I picked up a bit of a treasure as far as I can tell. I haven't had much time to research this gun but from the little I have learned it looks like a keeper. I went to an auction and got this gun for a bid of $300.00. The only reason I bought it is because I never heard of this gun/caliber before. It is a 1894 Octagon barrel Marlin 40-82 black powder lever action. Shot it today and it kicks like a mule and destroyed the oak block that I used for a target. It came with 2 boxes of original ammo and 1 box of reloades. I'm going to do more research next week to find out if I have something worth the $300.00 but any info I could get from the forum might help steer me in the right direction. Thanks for any help I can get.

HNAGEYE

I'll put some pics up if I can figure out how to do it. (I'm old and a bit senile) I don't even know if I spelled "senile" correctly LOL.


----------



## richg99

Well, you got the SENILE correct, but you messed up your own name....Hangeye

*"HNAGEYE

I'll put some pics up if I can figure out how to do it. (I'm old and a bit senile) I don't even know if I spelled "senile" correctly LOL.
"*

Ha Ha....


----------



## renn90

That's hilarious!


----------



## Jim

Send me the pictures if you cant figure it out and I will post them for you.

Jim


----------



## lovedr79

came across this:
https://www.armslist.com/posts/2807487/minneapolis-minnesota-antiques-for-sale--marlin-model-1895-40-82
https://www.gunauction.com/buy/12405661


----------



## HANGEYE

lovedr79 said:


> came across this:
> https://www.armslist.com/posts/2807487/minneapolis-minnesota-antiques-for-sale--marlin-model-1895-40-82
> https://www.gunauction.com/buy/12405661


Yup, thats it. The one I have looks to be in about the same shape. Looks like I made a pretty good purchase. Thanks for the info.
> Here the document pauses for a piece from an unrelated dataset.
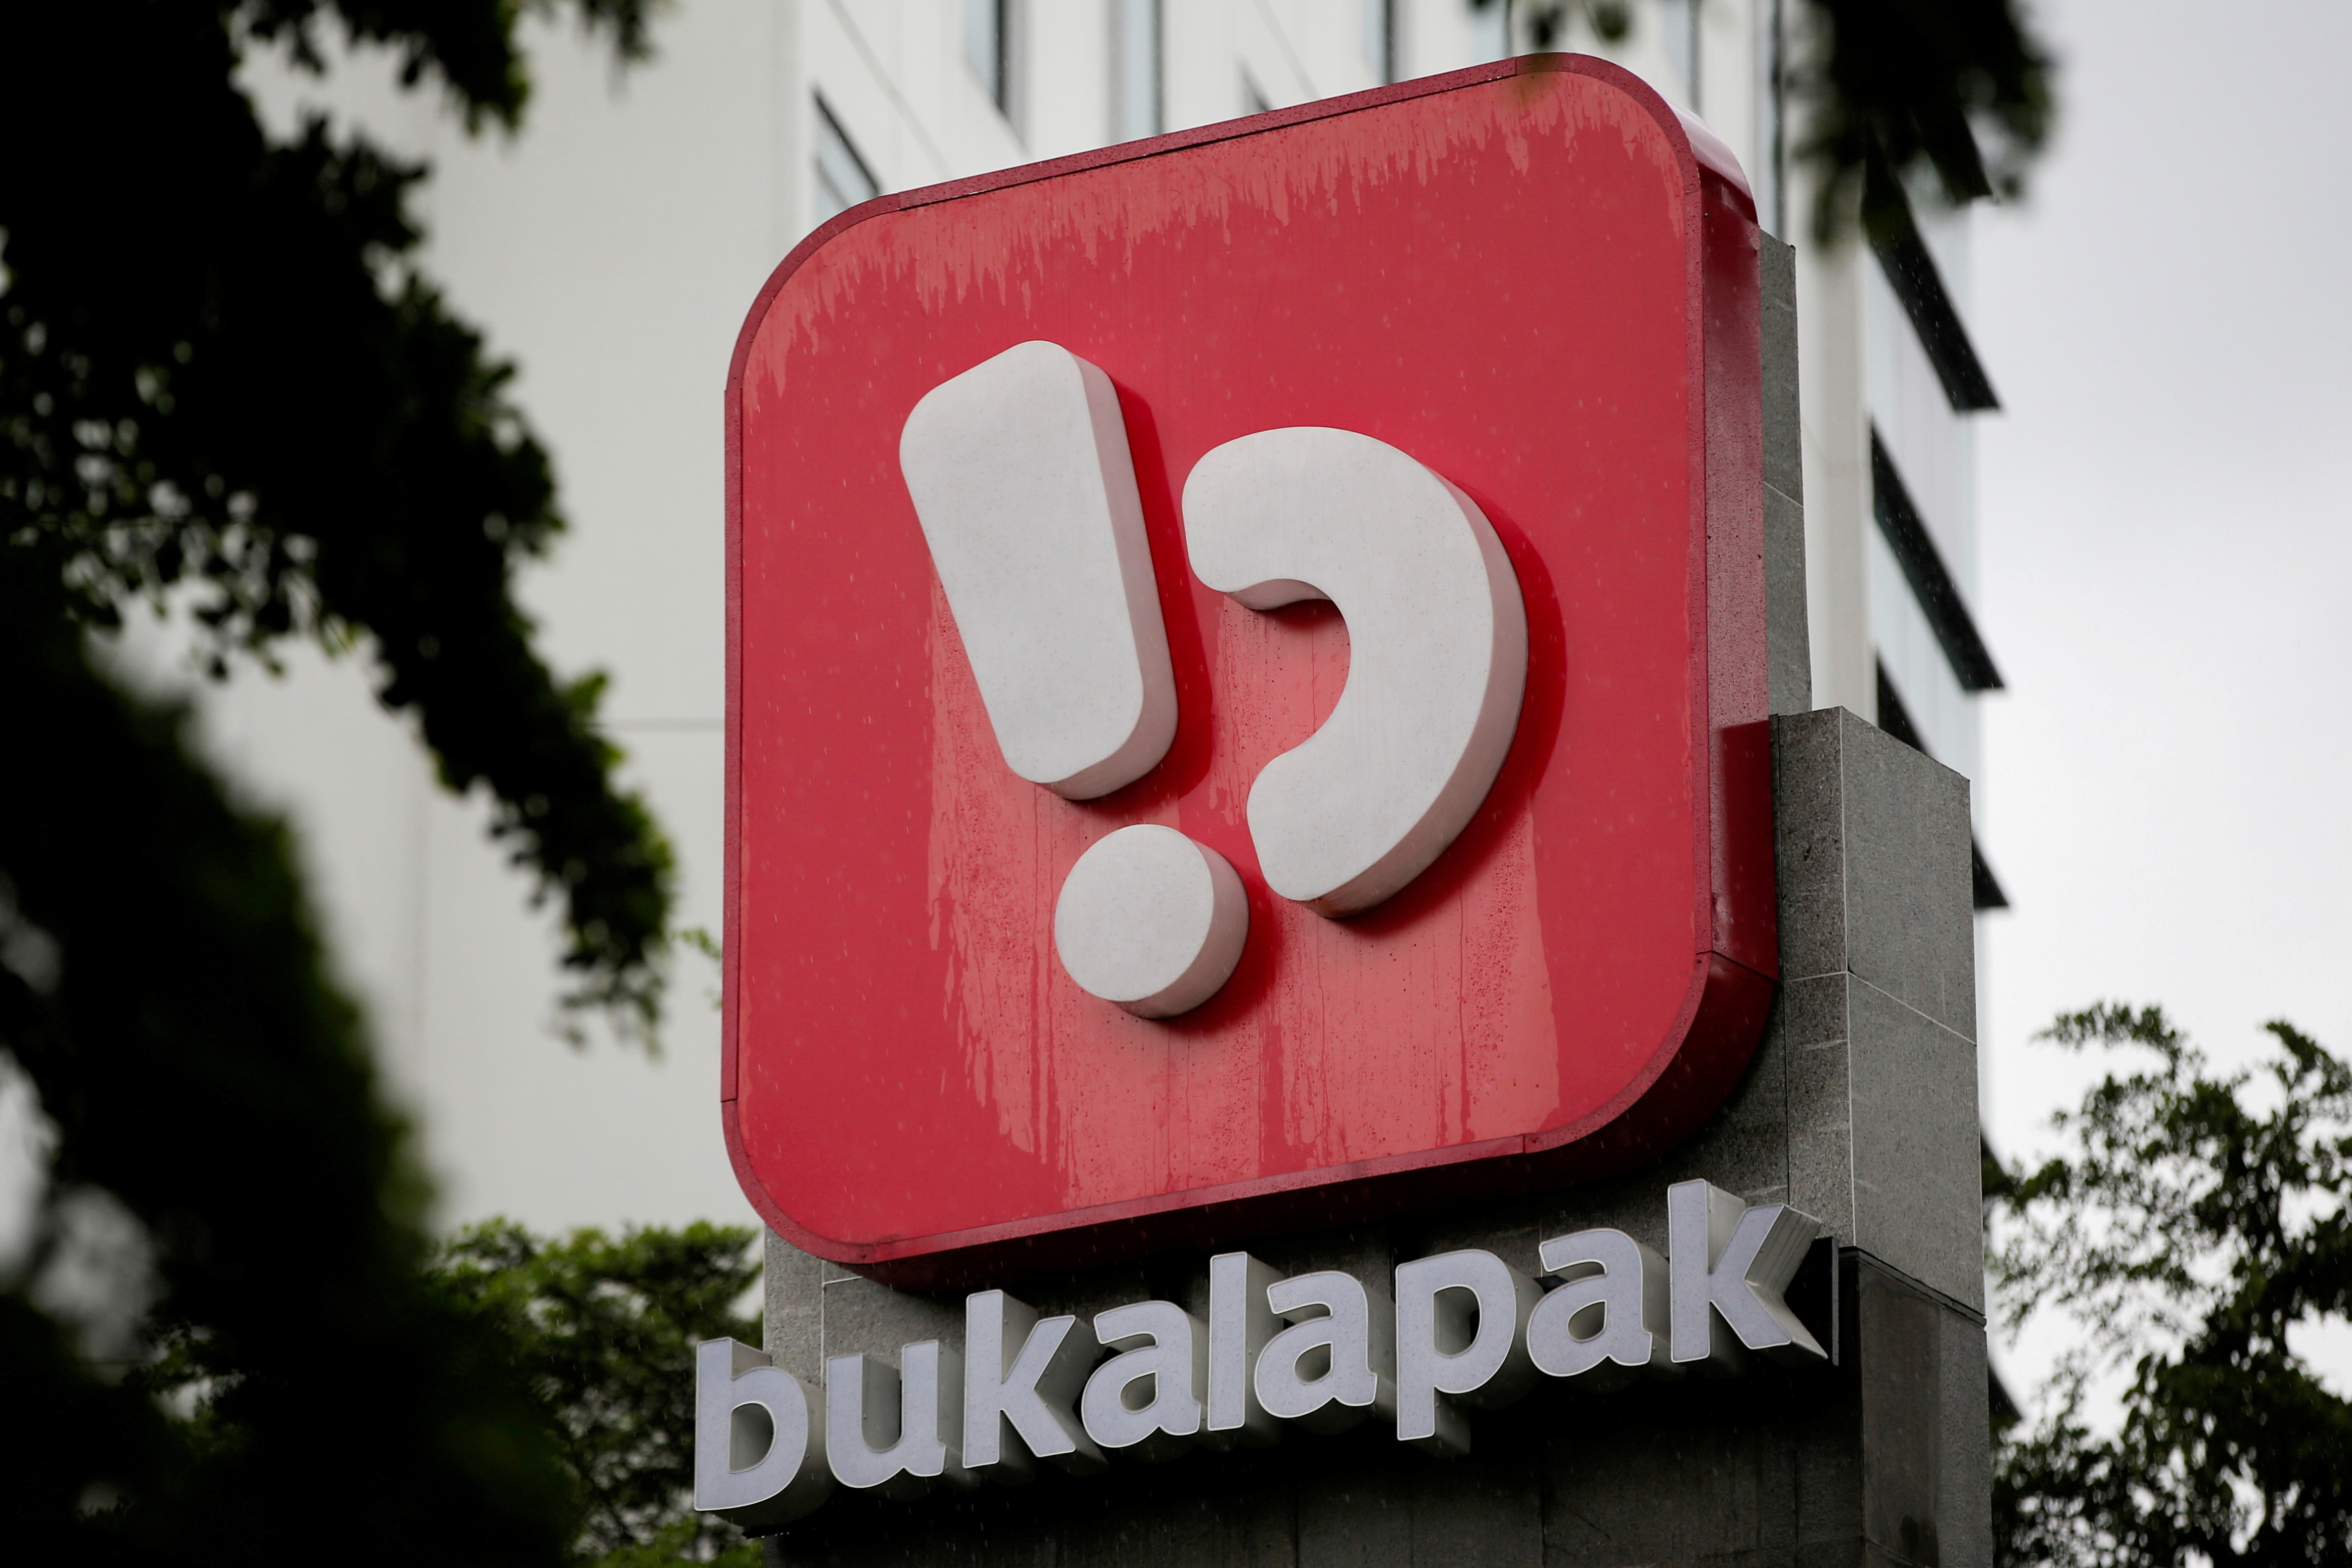 The logo of Bukalapak, an Indonesian e-commerce firm, is seen outside its headquarters in Jakarta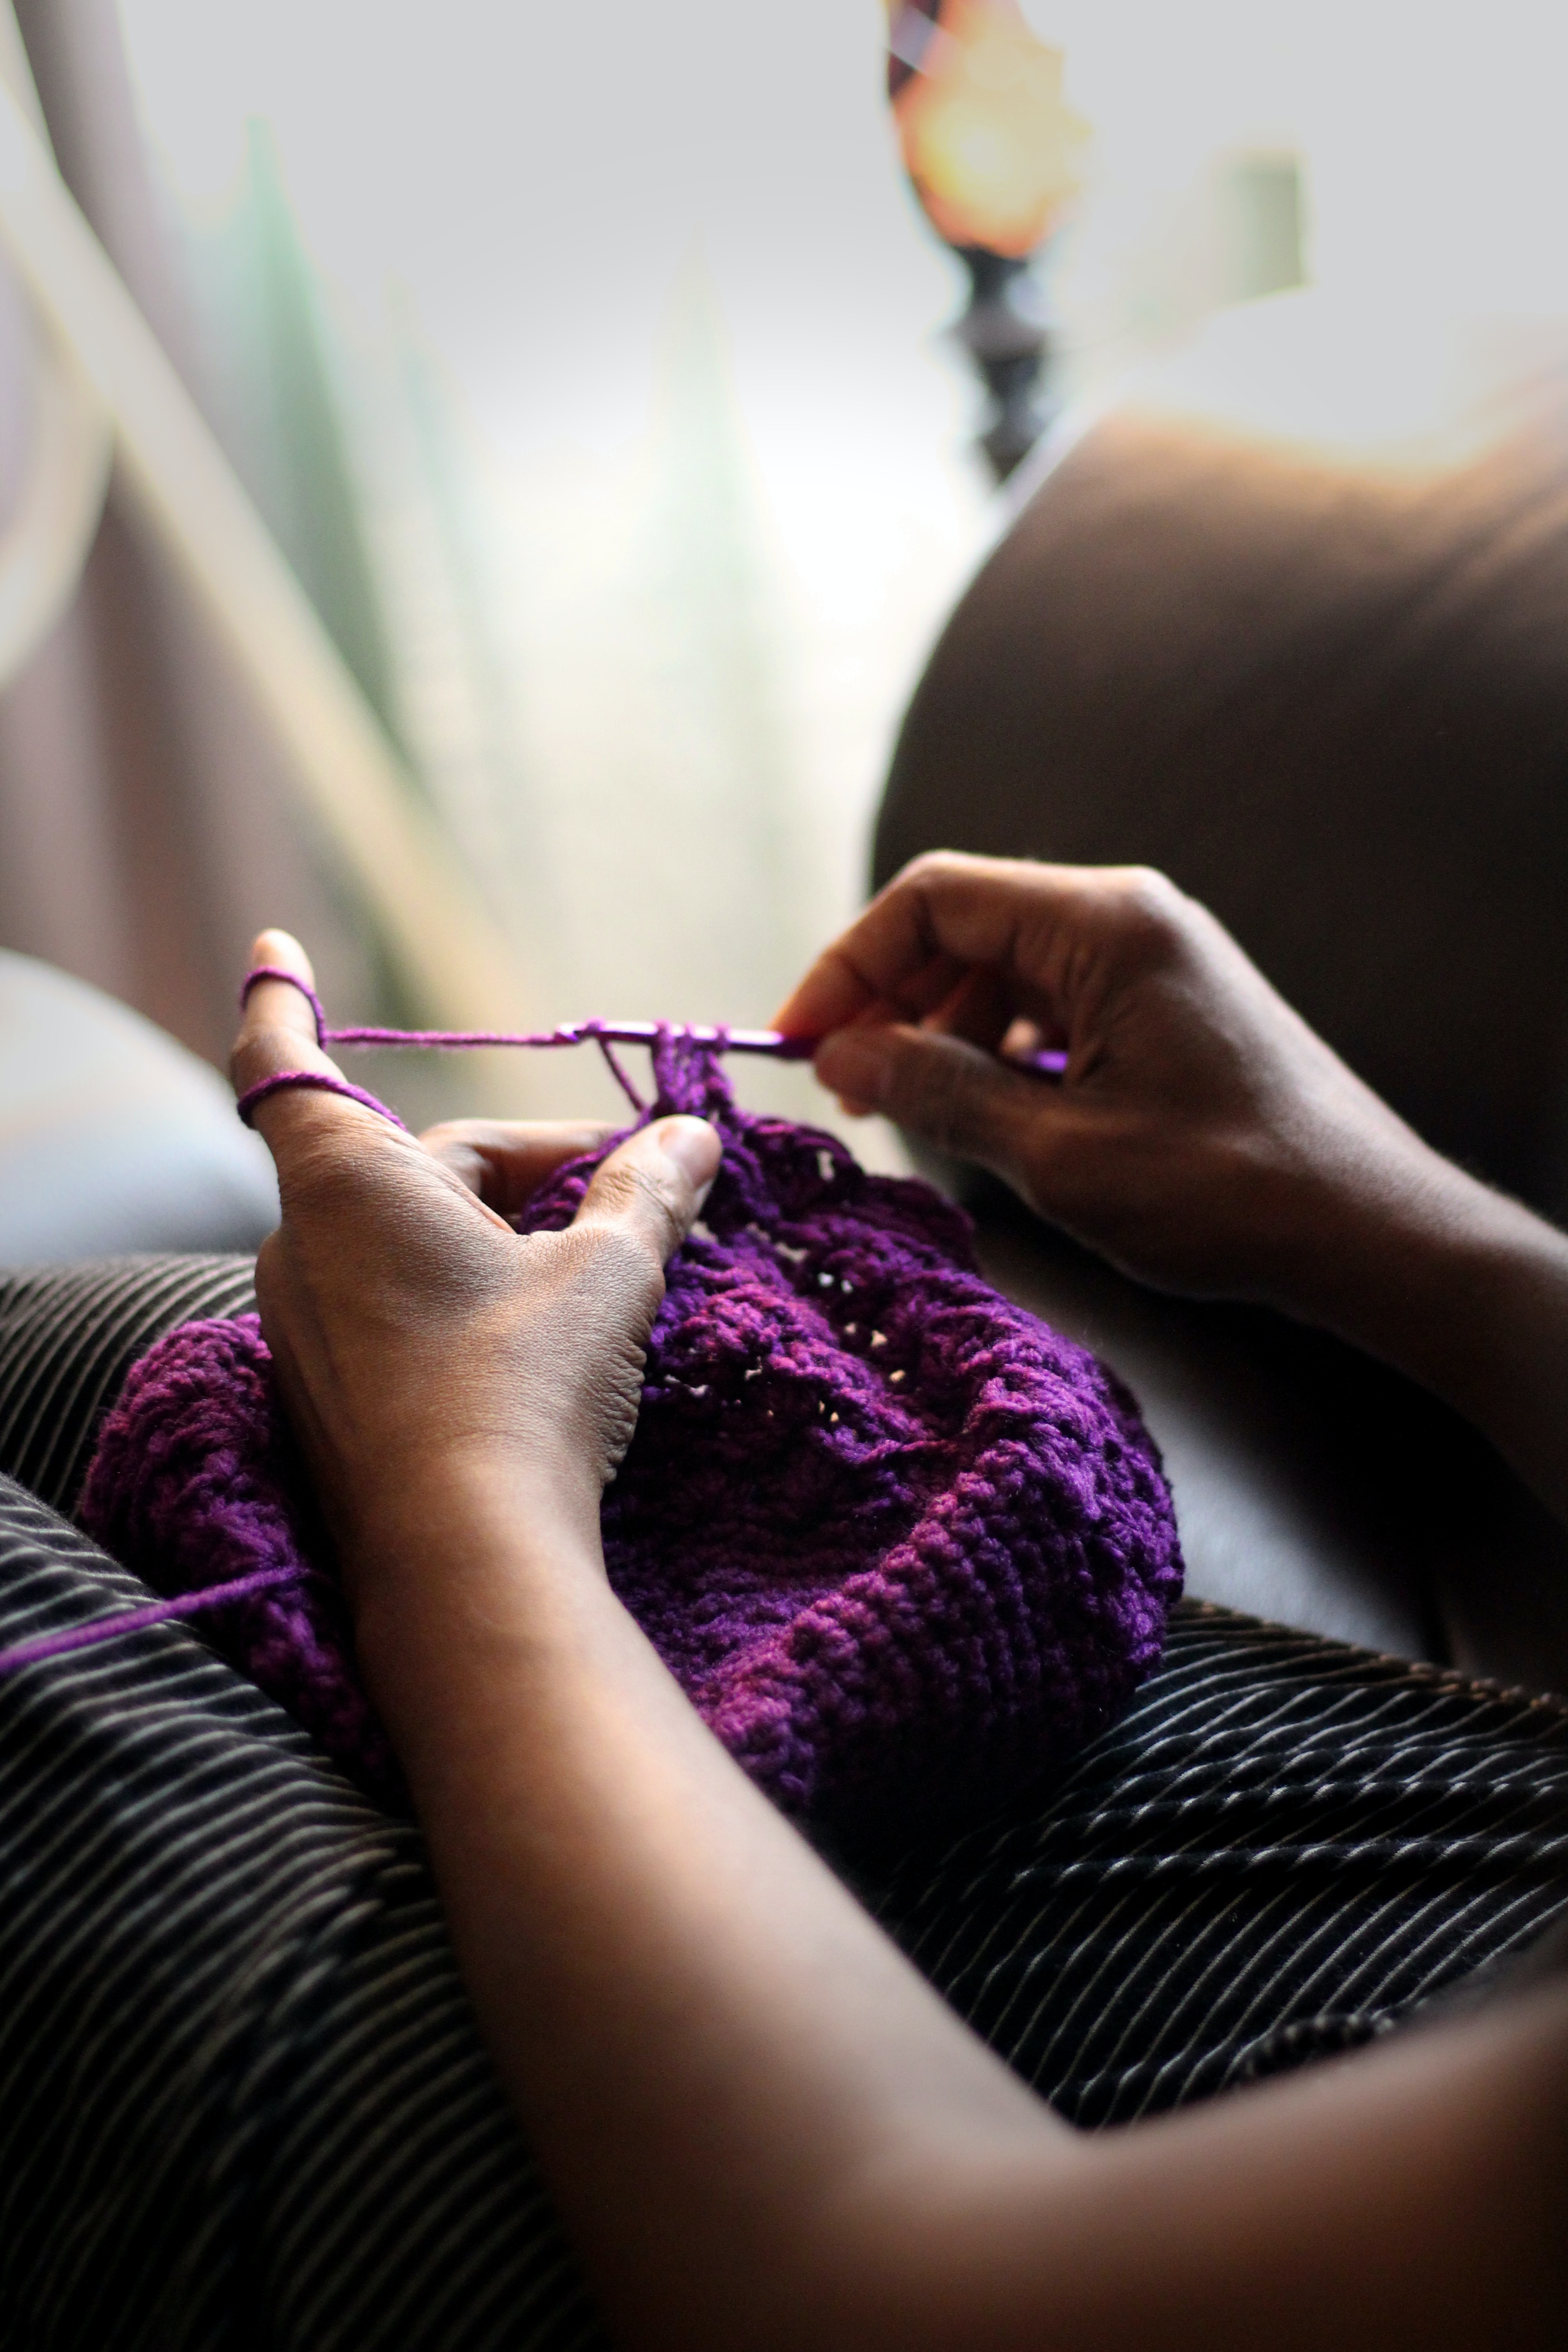 Crochet and Chill 12 Ways Crochet Can Help with Stress and Anxiety

HANGEYE <--- at least I got this part right this time LOL


----------



## richg99

Well done.

I know nothing about guns and I need my spell checker (Grammarly) every day.

Ha Ha


----------



## overboard

I would say you made a pretty good deal! =D>


----------



## lovedr79

that would be sweet if yours is worth that much. i have tried a few times to get guns at auctions but the local dealers get into a pissing match and run the price up past the real value.


----------



## HANGEYE

Finally got some time to do some searching. What I found for sale ... Marlin 40-82, $7500.00. Winchester 40-82, $3495.00. A box of 20 rounds of JACKETED ammo, $81.60. A box of 20 rounds of CAST LEAD ammo, $75.00. I also found a company (Gad Custom Cartrideges) that "MAY" have a box of 20 for $40.00, if they don't have them they can make them. I'll have to give them a call. At any rate, this gun is not going to be shot very often at those prices. Im going to buy some more ammo and have some fun with it, might even use it for deer season next year. If I hit one with it, I hope I can at least salvage a sandwich out of it.

HANGEYE


----------



## Armorpl8

I wouldn't shoot it much...however.

If you really wanted to shoot it, you can form brass from 45-90. It's about $.90 each and it's made by Starline, really good stuff. All that is assuming you are a handloader with requisite dies, press, trimmer etc. If it was mine I'd clean it up real good and find a generous benefactor....and I have much of the tooling to make it go bang.


----------